Therefore, your migration sequence must stringently follow the data: you must migrate the storage first, keep it continuously synchronized with the source, and then rapidly cut over the applications to minimize downtime.

flowchart LR
subgraph Source [AWS Source]
EBS[EBS Volumes]
EFS[EFS NFS]
S3[S3 Buckets]
end
subgraph Target [On-Prem Target]
RBD[Ceph RBD]
CephFS[CephFS]
RGW[Ceph RGW S3]
end
EBS -- rsync --> RBD
EFS -- rsync --> CephFS
S3 -- rclone --> RGW

Stop and think: You need to migrate 50TB of data from AWS S3 to on-premises Ceph RGW over a 1 Gbps Direct Connect. At best, that is ~7 days of continuous transfer. During that time, the application is still writing new data to S3. How do you handle the gap between the initial sync and the final cutover?

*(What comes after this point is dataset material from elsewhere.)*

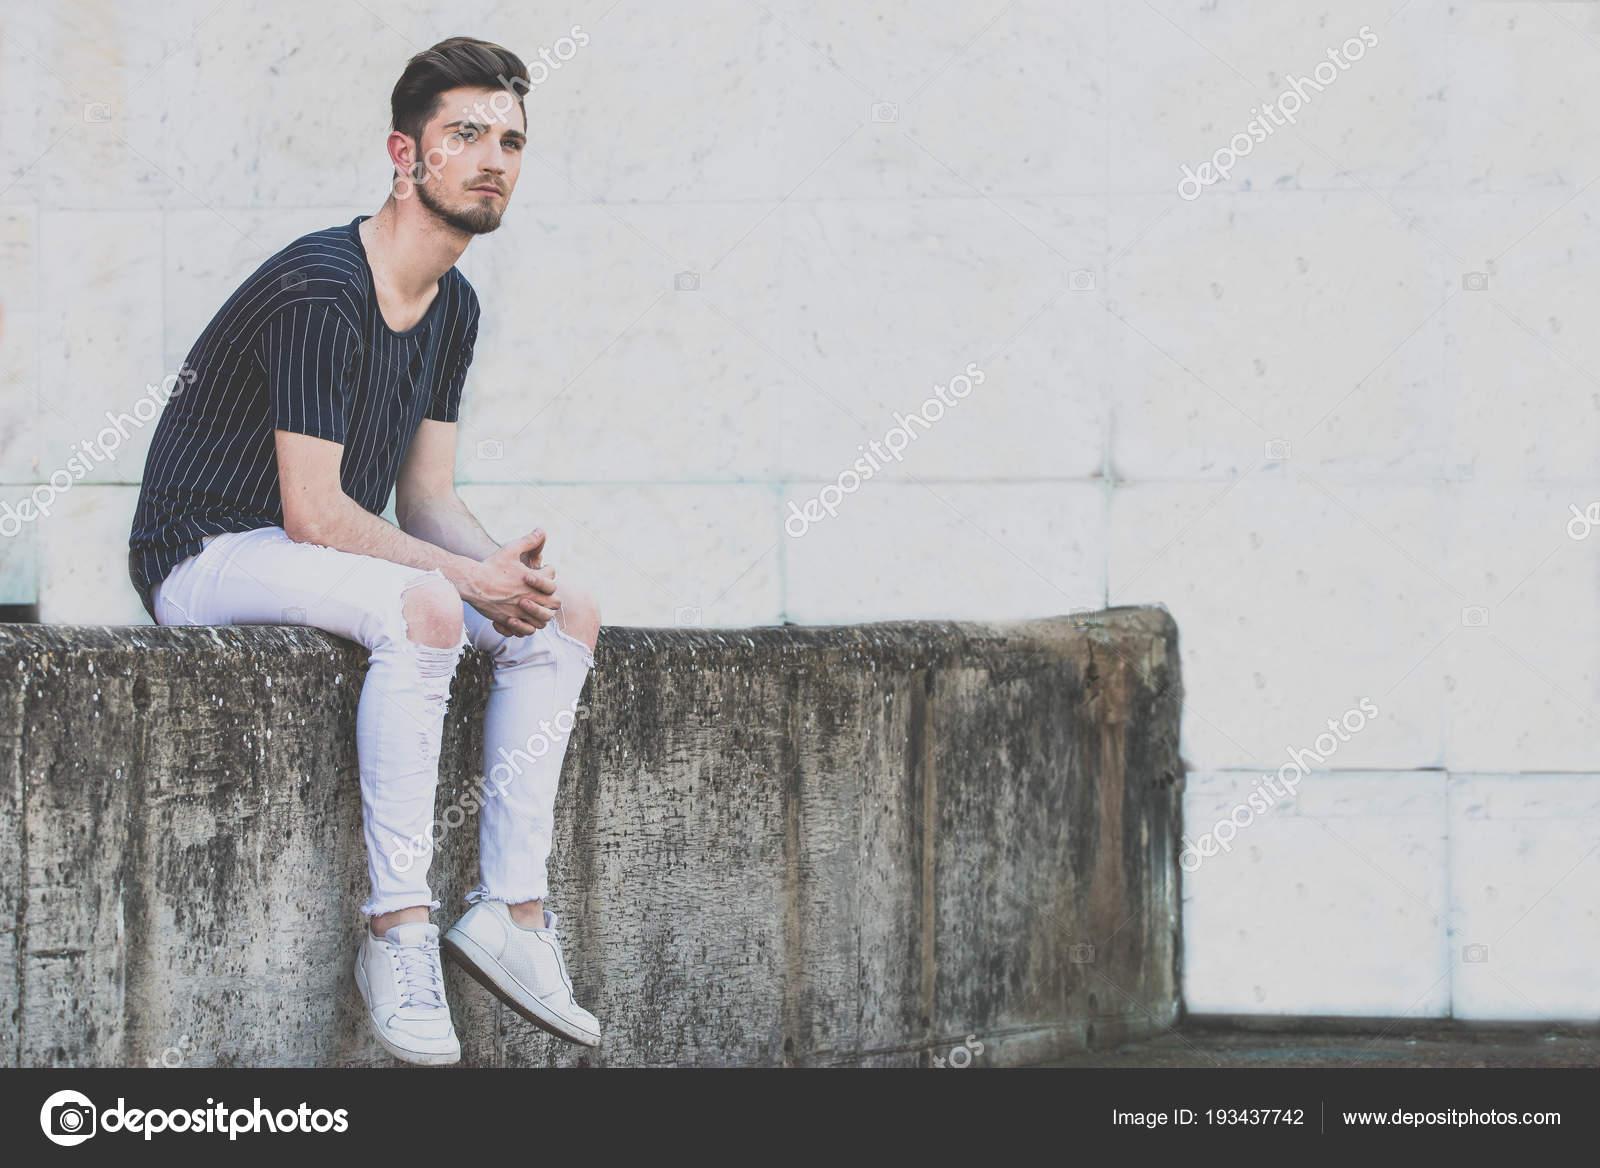 sitting on a man
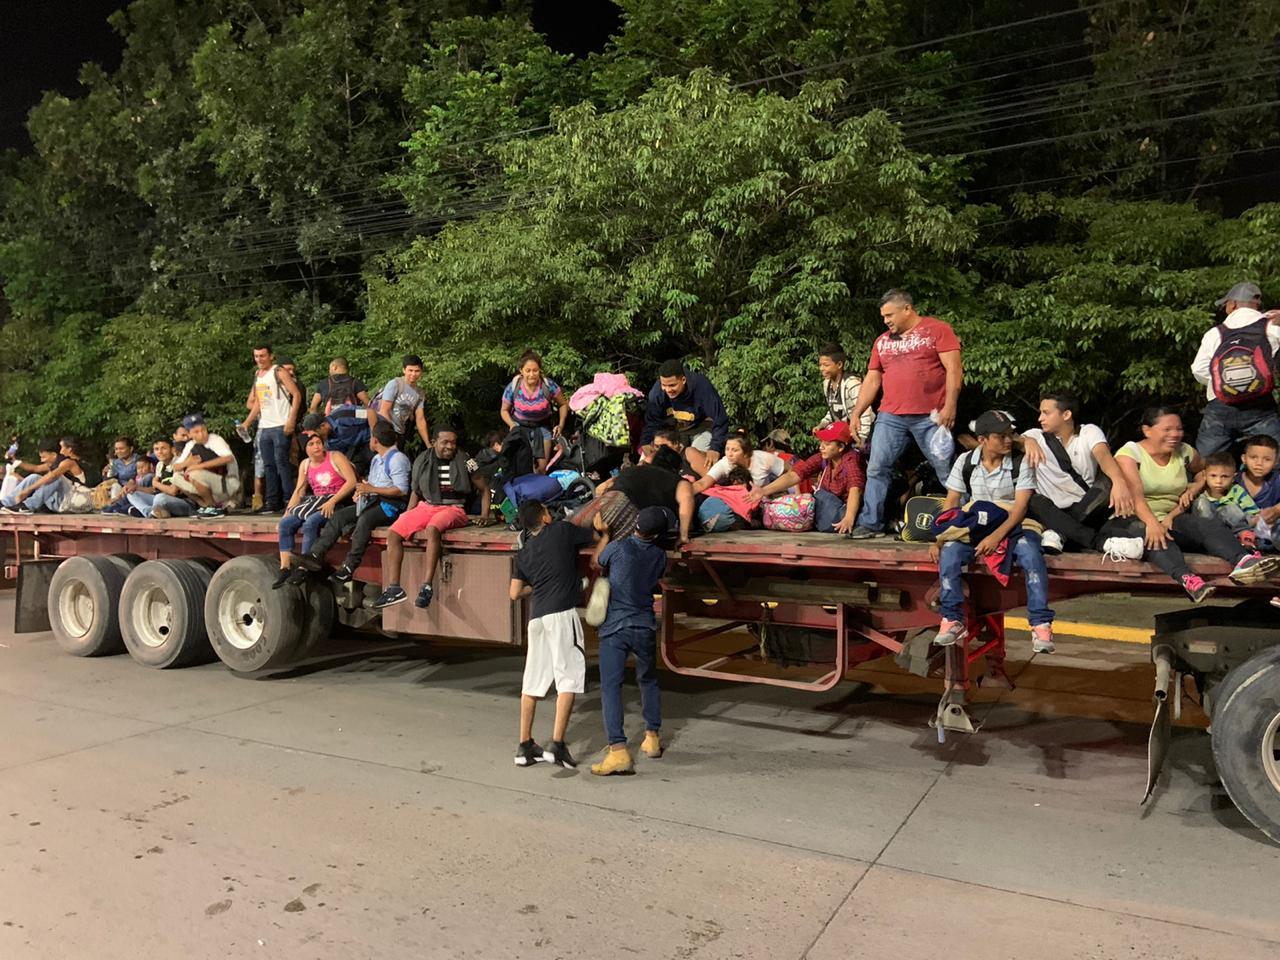 Rumbo hacia los Estados Unidos nueva caravana de migrantes hondureños

The most reliable migration pattern for raw block storage (such as AWS Elastic Block Store to Ceph RADOS Block Device) requires constructing a temporary transfer bridge. You must snapshot the cloud volume to freeze its state, mount that snapshot to an intermediate temporary EC2 instance, and then aggressively rsync the raw data down through your network circuit to a dedicated migration pod residing on the bare-metal cluster. This migration pod writes the incoming data directly into a pre-provisioned Ceph RBD PersistentVolumeClaim.

Terminal window
# On AWS: snapshot and mount to a transfer instance
aws ec2 create-snapshot --volume-id vol-0123456789abcdef
# On on-prem: create StorageClass and PVC
kubectl apply -f - <<EOF
apiVersion: storage.k8s.io/v1
kind: StorageClass
metadata:
name: ceph-block
provisioner: rook-ceph.rbd.csi.ceph.com
parameters:
clusterID: rook-ceph
pool: replicapool
imageFormat: "2"
reclaimPolicy: Retain
allowVolumeExpansion: true
EOF
# Transfer via a migration pod
kubectl apply -f - <<EOF
apiVersion: v1
kind: Pod
metadata:
name: data-migration
namespace: production
spec:
containers:
- name: rsync
image: instrumentisto/rsync-ssh:latest
command: ["rsync", "-avz", "--progress",
"-e", "ssh -i /keys/transfer-key",
"ubuntu@aws-transfer.internal.corp:/mnt/ebs-data/",
"/target-data/"]
volumeMounts:
- name: target-vol
mountPath: /target-data
volumes:
- name: target-vol
persistentVolumeClaim:
claimName: app-data
restartPolicy: Never
EOF

For highly concurrent object storage migration, traditional tools like rsync fall short due to their reliance on file system tree walking. Instead, rclone is the industry standard. It provides an idempotent synchronization operation utilizing the S3 API directly. It can gracefully resume after network interruptions and run rapid, incremental nightly syncs to quickly catch up with new data written by the live application during the extended migration window.

Terminal window
# Configure rclone for both endpoints
rclone config # Set up aws-s3 and ceph-rgw remotes
# Sync
rclone sync aws-s3:app-assets ceph-rgw:app-assets --progress --transfers 16
# Verify
rclone check aws-s3:app-assets ceph-rgw:app-assets

For comprehensive state migration of native Kubernetes resources (such as CustomResourceDefinitions, Secrets, and ConfigMaps) alongside persistent volumes, Velero is the undisputed industry standard tool. As of its v1.18.0 release in March 2025, Velero introduced highly anticipated concurrent backup processing and sophisticated cache volume support, drastically reducing recovery time objectives (RTO). Recognizing its critical role in the ecosystem, Broadcom officially donated Velero to the CNCF Sandbox in April 2026.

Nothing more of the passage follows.